#### Exercise directions
Pictures excluded, reproduce exactly the lines below from the one with "Unicaf-logo.1 (1) (2) (1)" through the one with "Vagões de carga", both included.

#### Data supplied
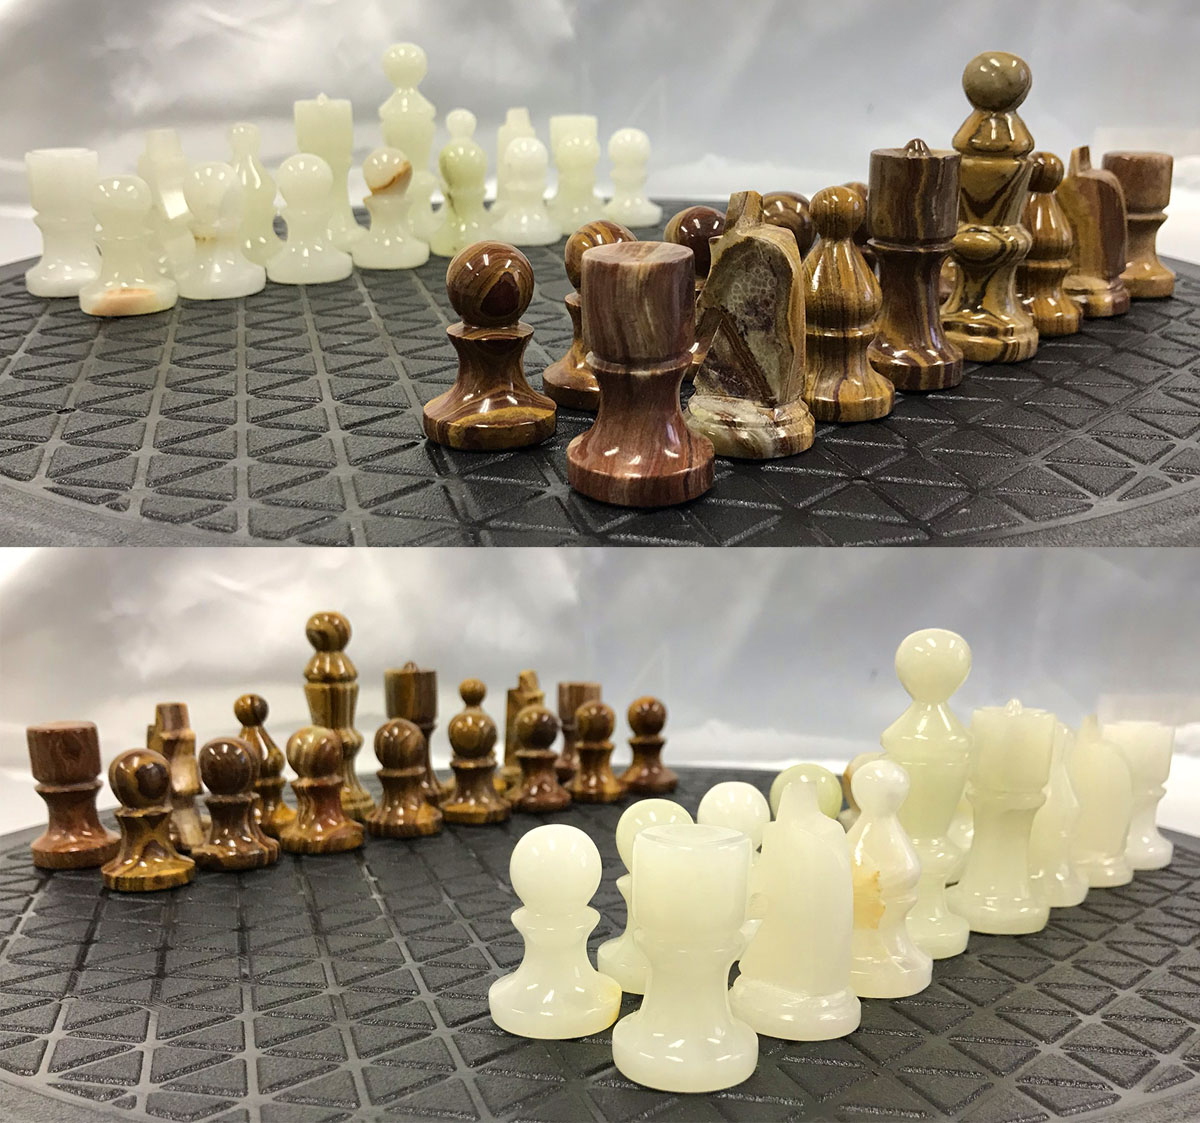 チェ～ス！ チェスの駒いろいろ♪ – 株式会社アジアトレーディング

==

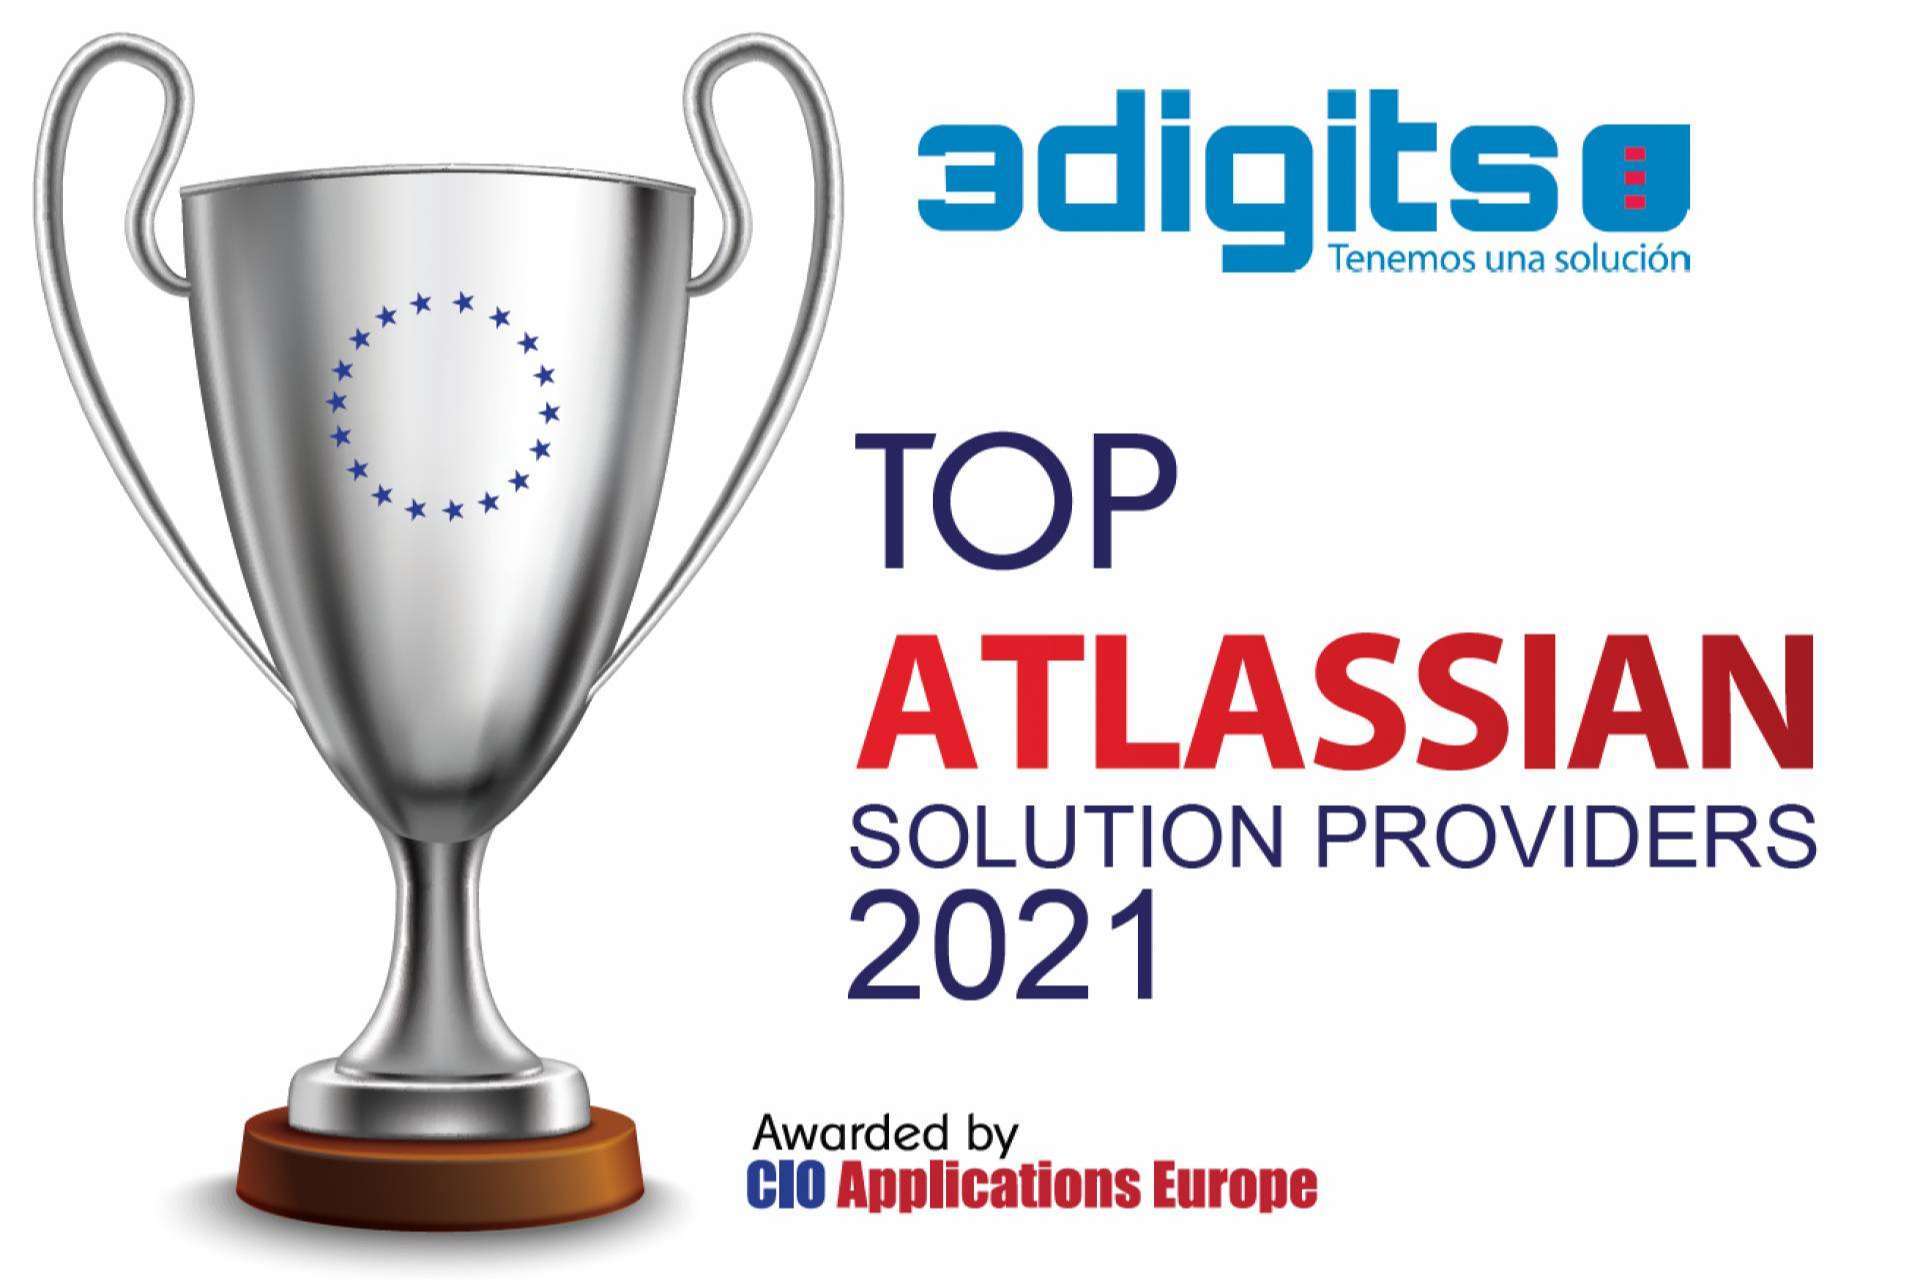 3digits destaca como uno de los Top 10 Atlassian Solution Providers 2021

--

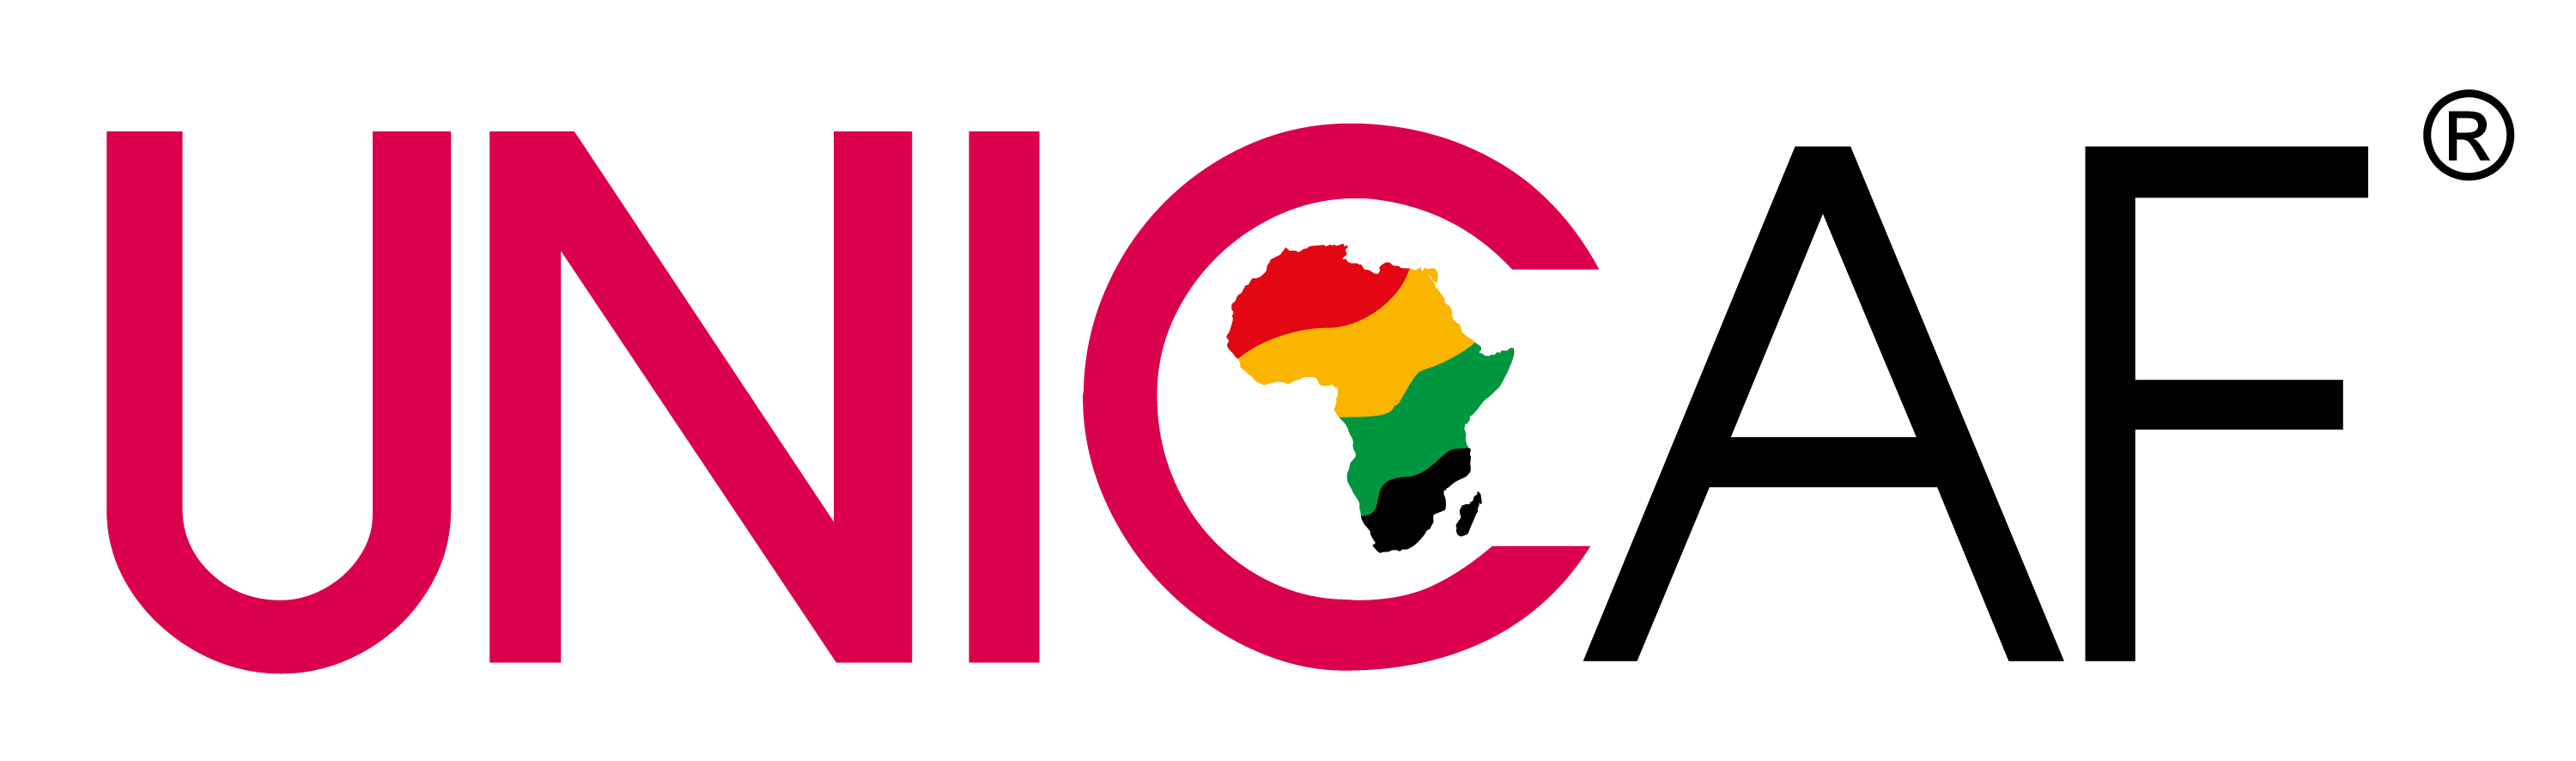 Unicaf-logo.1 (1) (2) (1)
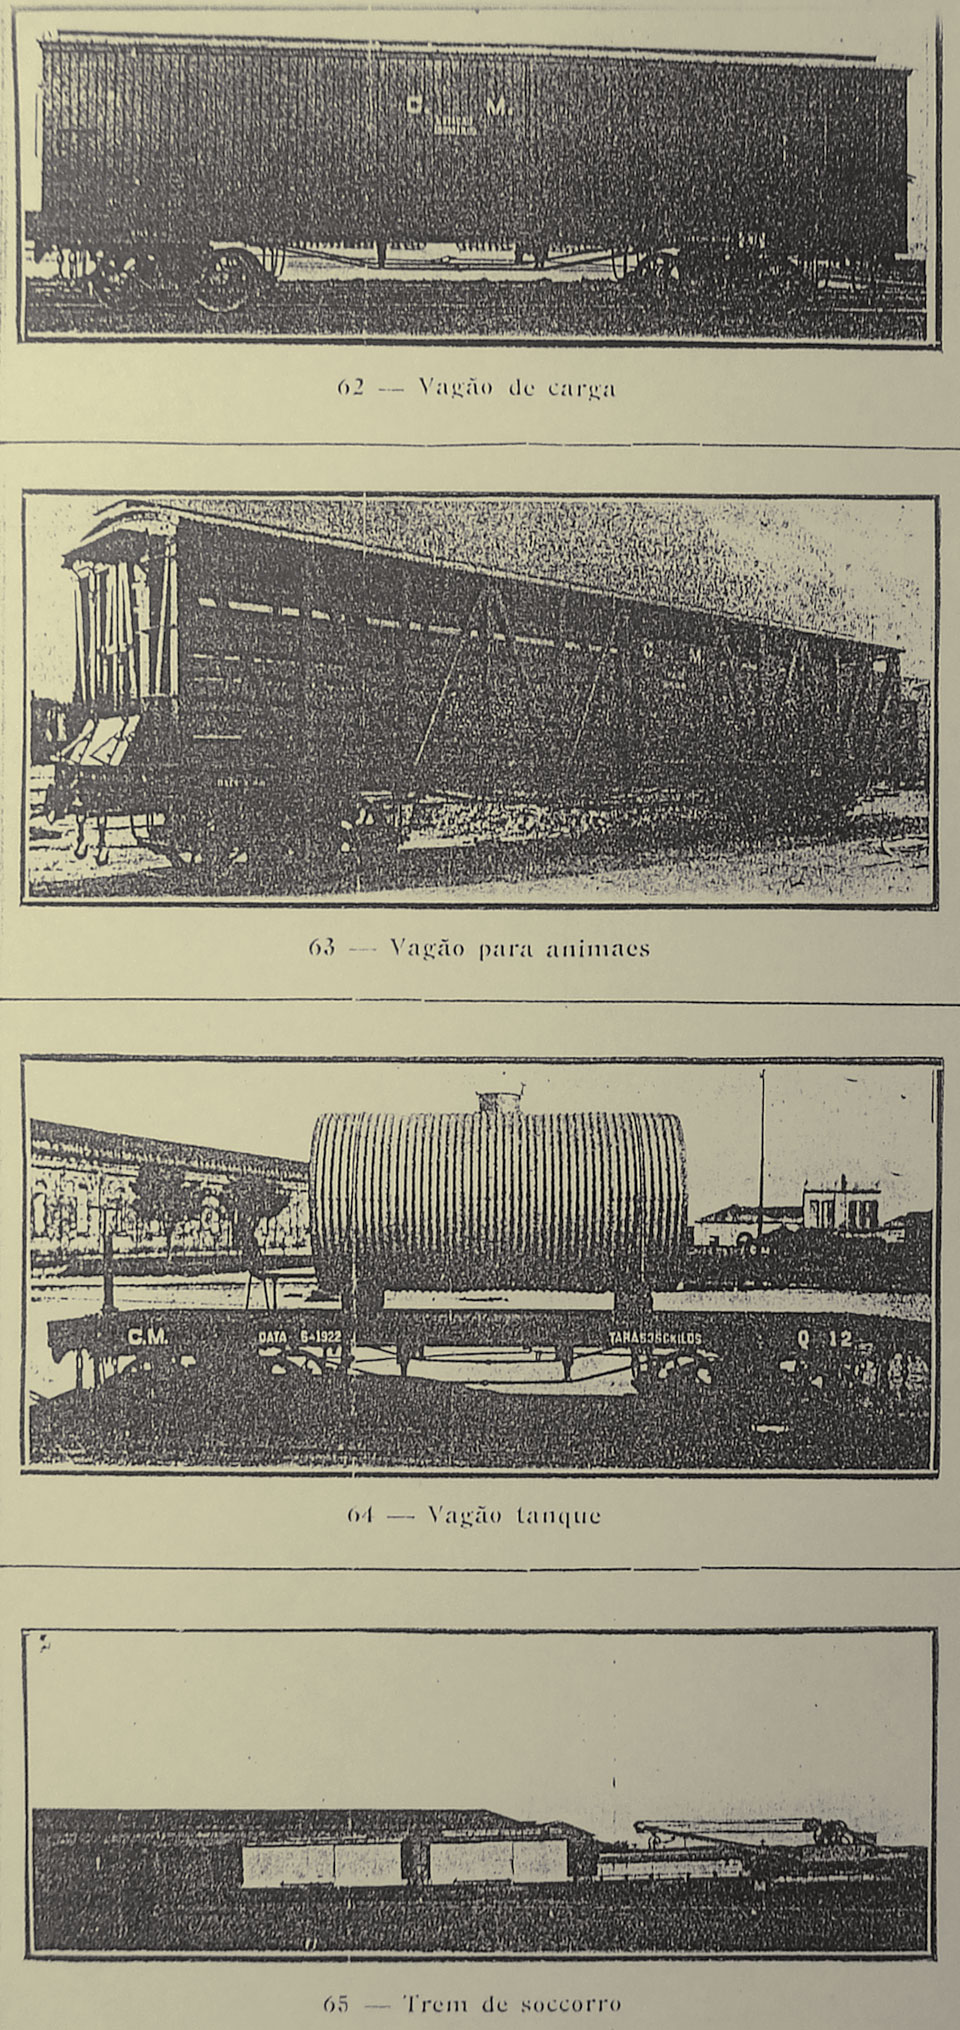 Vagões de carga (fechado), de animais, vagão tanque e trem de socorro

#### Answer space
 Unicaf-logo.1 (1) (2) (1)
 Vagões de carga (fechado), de animais, vagão tanque e trem de socorro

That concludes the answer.